Klickitat Basin Intro

If you guys get out there around June, you can see the ammocoete (larval) stage of the Pacific Lamprey in the underwater sandy areas in pools.


----------



## Snowolf

So far no word. Right now, there is too much snow to even drive to the put in and I am hearing reports of an abnormally high number of downed trees from the heavy late winter snows we have gotten in the PNW. The lady I spoke with said they will make another scouting attempt in a week or two. Like she said, with this many downed trees this year, if not this thing, there will likely be other new trees of doom in the river.

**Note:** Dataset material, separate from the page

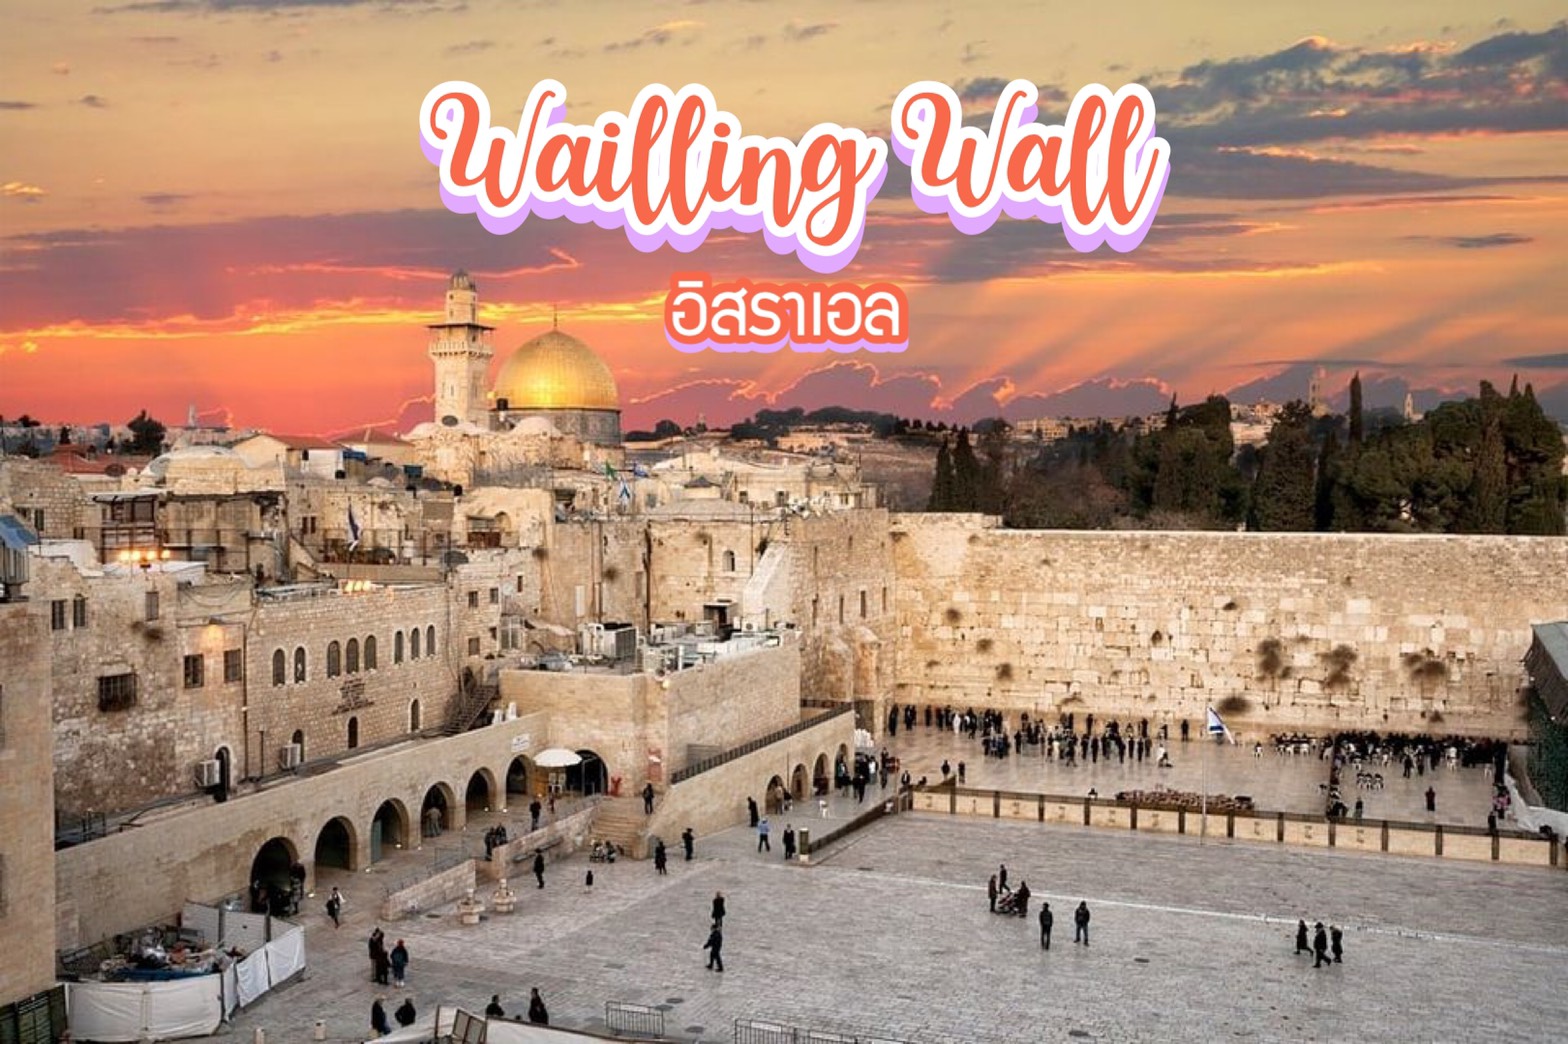 กำแพงร้องไห้ Wailling Wall อิสราเอล

The Forest Service has removed trees on the Klick before so I don`t think it is totally banned. The big Ponderosa in Rag Hole is one they cut out a couple of years ago. I had heard that there was an attempt made this summer but that attempt was not successful and the thing remained blocking the river. I don't know if there was a second attempt or if they are hoping spring flooding will flush it out naturally.

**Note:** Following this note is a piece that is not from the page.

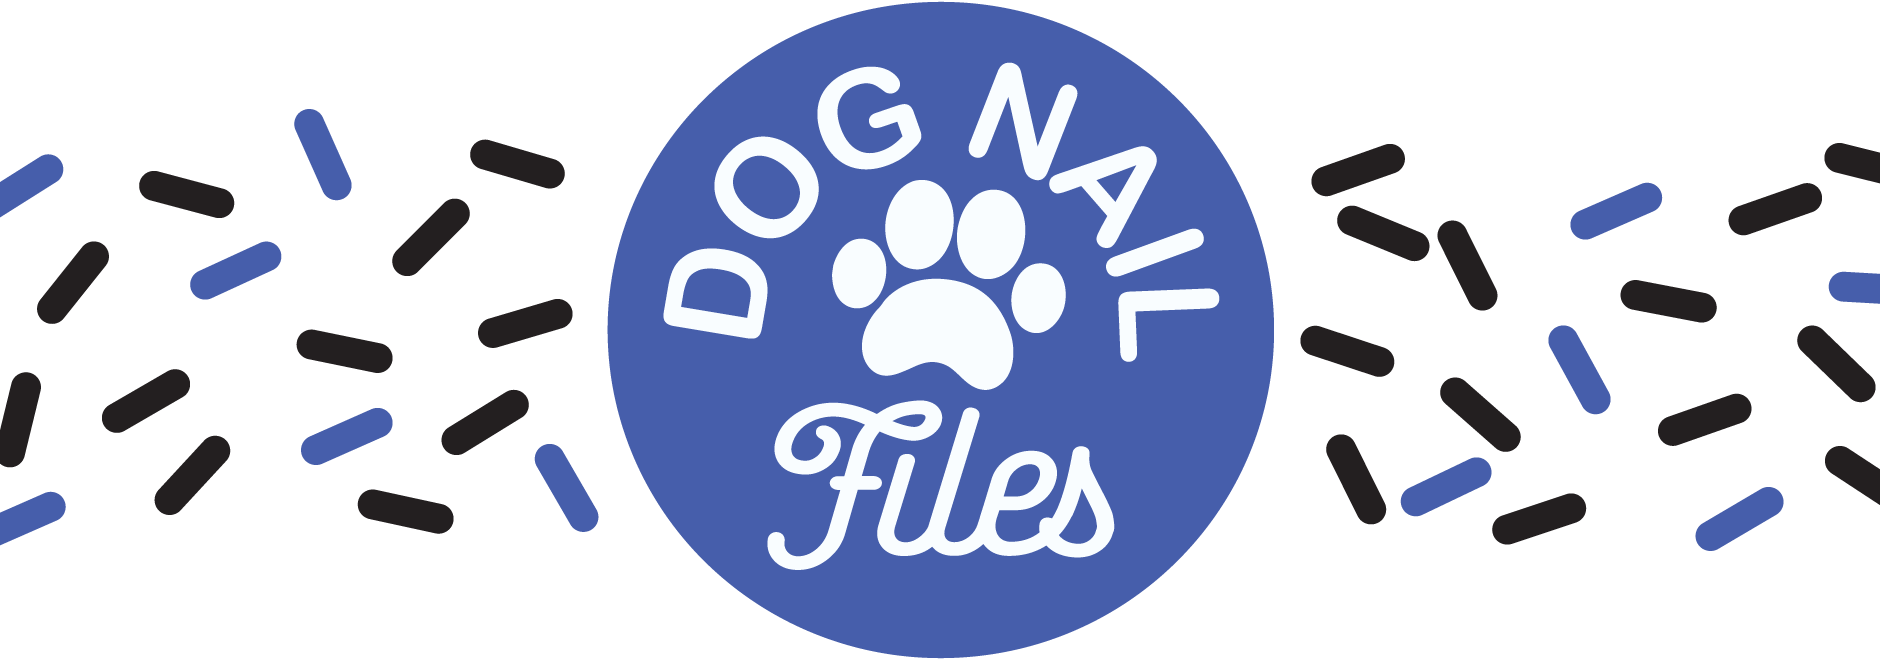 Dog nail files logo

I understand the fish concern, but a death trap like this really should be removed from a river that is used so much. Just my opinion for what thats worth.


----------



## commanderfun

im planning on doing the klikitat on memorial day weekend. i would definitely appreciate any info on possible tree hazards.


----------



## constructeur

Snowolf said:


> The Forest Service has removed trees on the Klick before so I don`t think it is totally banned.


They're the government though. They've either gone through the permit, or whatever, process, or they may even have a special blanket allowance letting them remove anything they deem overtly unsafe.



Snowolf said:


> I understand the fish concern, but a death trap like this really should be removed from a river that is used so much. Just my opinion for what thats worth.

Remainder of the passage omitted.